In the Ubuntu and Windows 11 cases, I can have different files whose names only differ by normalization.

(On macOS, with its older HFS+, the filename is coerced to NFD, independently of the string given to the open function.)

The default situation for APFS on macOS is that it is (a) insensitive to both normalization and case, and (b) preserves both. This is my experience. The only reasonably official documentation I was able to find quickly is https://developer.apple.com/library/archive/documentation/FileManagement/Conceptual/APFS_Guide/FAQ/FAQ.html That document is an old one, which says it is "retired". But its statements about normalization-insensitivity match my current experience.
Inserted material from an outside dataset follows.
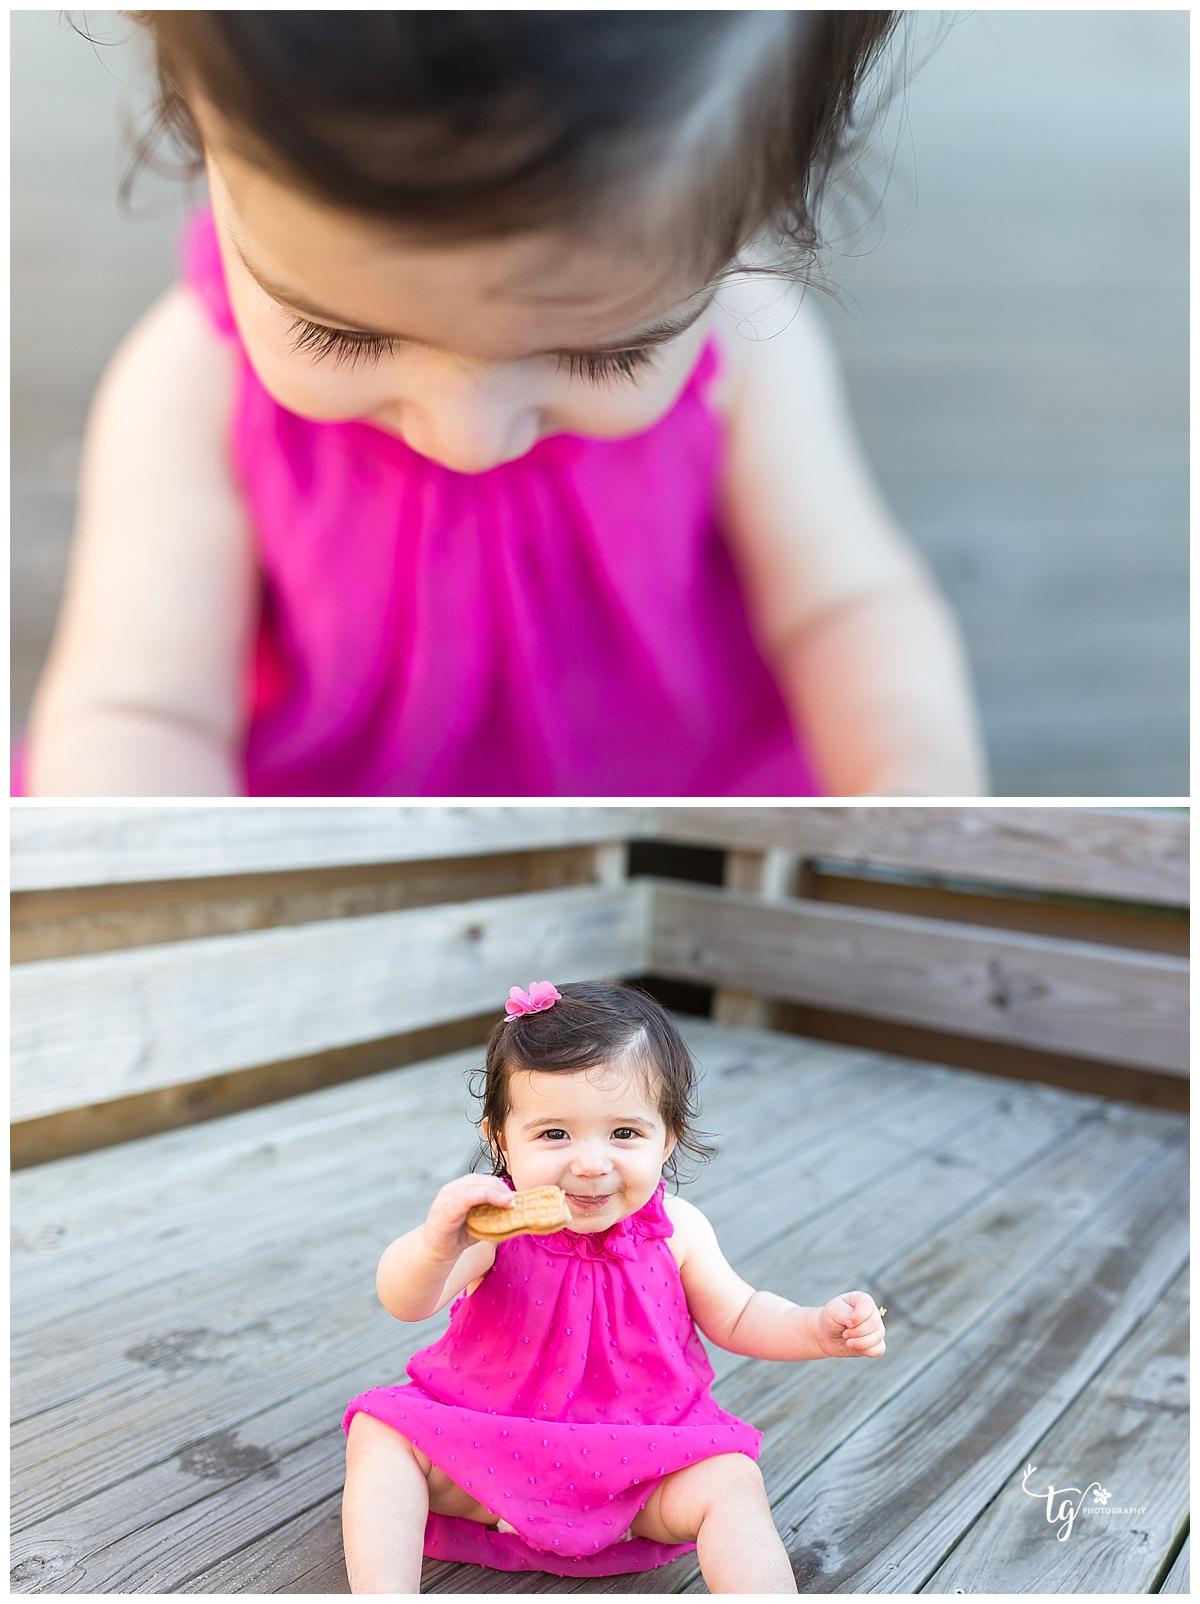 photographer for outdoor photos of children

That's for macOS. I remember reading about a different situation on iOS, but I've no experience, and I think it is irrelevant here.

jccollins commented 2 months ago

It's definitely possible to fix the problem. Existence proofs:

  1. All of the *tex programs in TeXLive that I've used preserve normalization between input and output files: E.g., the base name of the .log, .aux, etc files is exactly the same as that of the main .tex file (including normalization).
  2. Latexmk also has no problems. The base names of the files it generates are obtained by copying from the base name of the source file, without any changes. It has always done this, and exactly nothing needed to be changed to preserve Unicode normalization.
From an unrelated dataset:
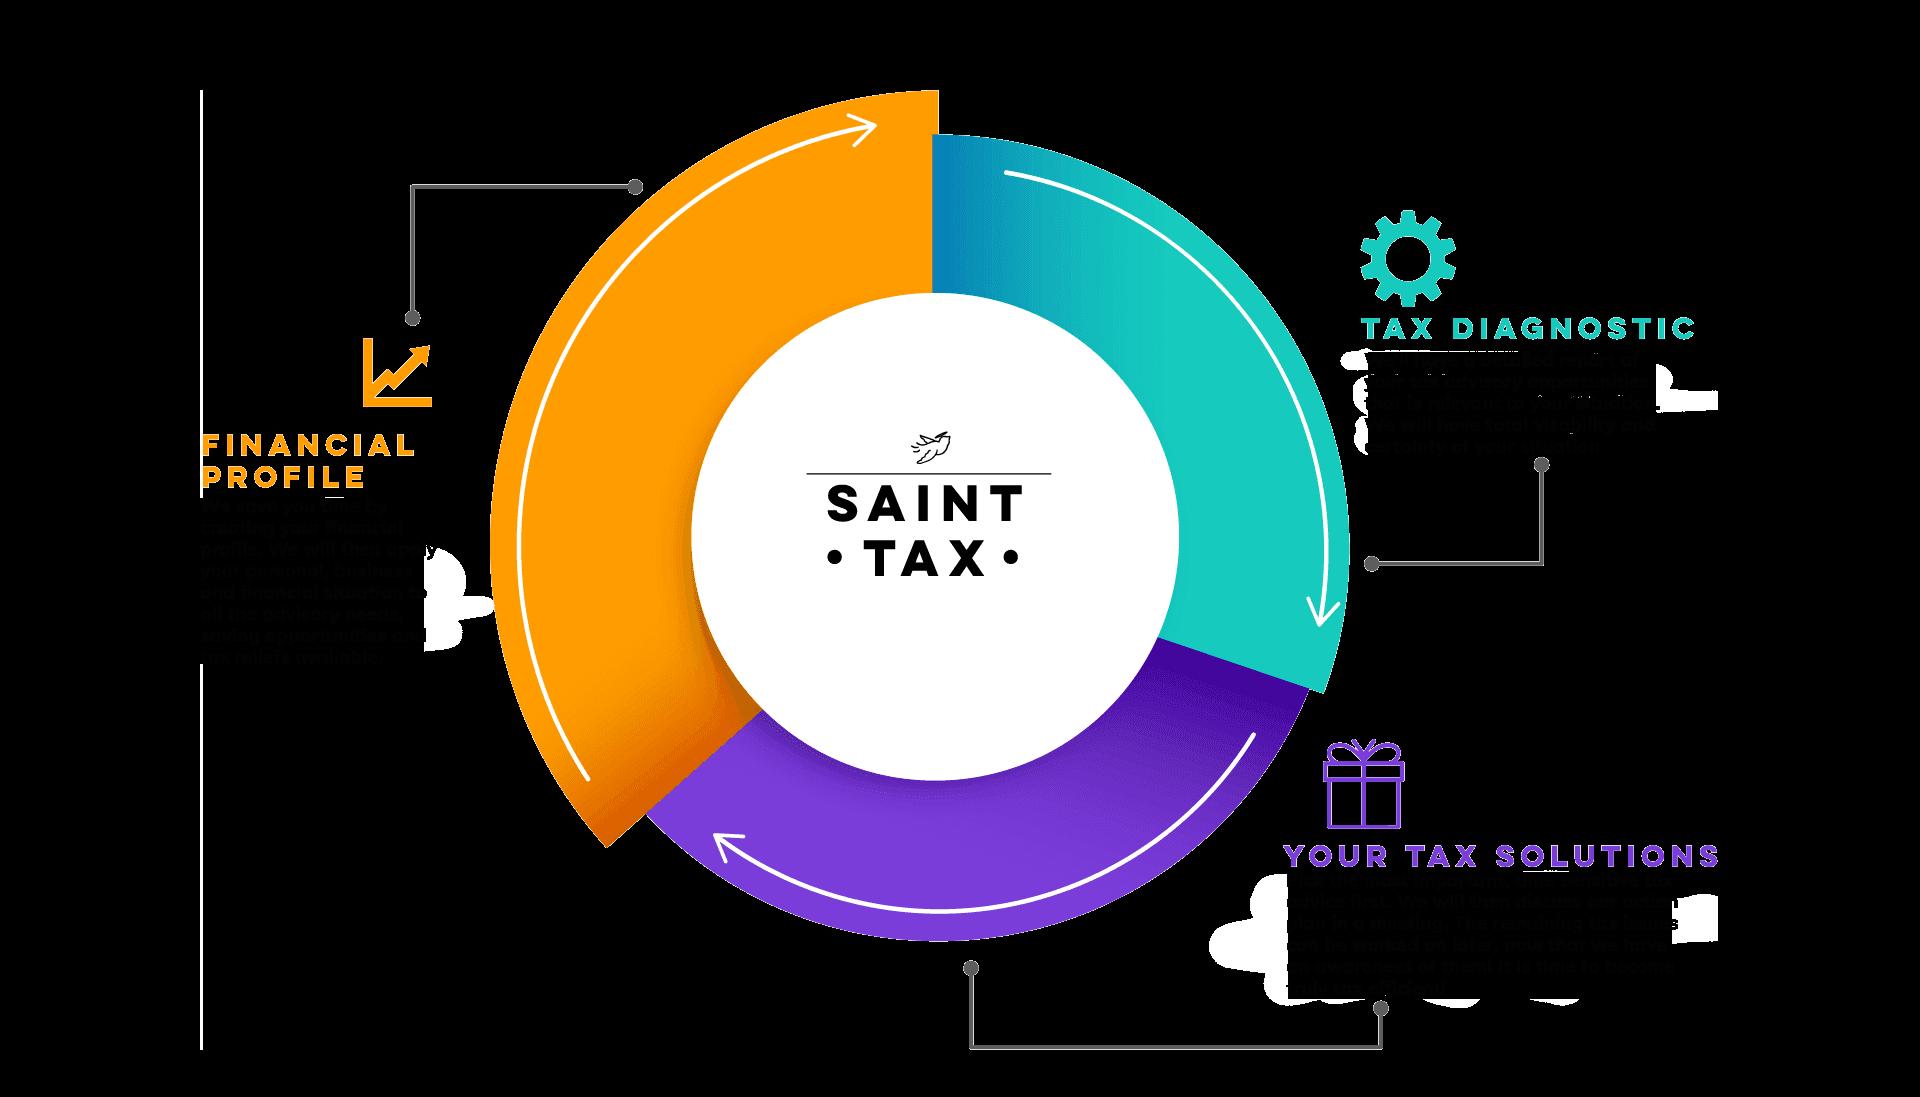 Saint Tax Cycle

Literally all the difficulties with Unicode and latexmk that I encountered were in dealing with the code page issue on Windows. That's only because of deficiencies in current versions of native Windows perl interpreters. (As you know with biber, the problems can be solved by setting the Windows system locale to use UTF-8.)

[It may be useful to copy the relevant part latexmk solution for the code page issue into biber (and to copy into latexmk the things biber does with the use of the wide, i.e., Unicode, interface to the Windows file system).]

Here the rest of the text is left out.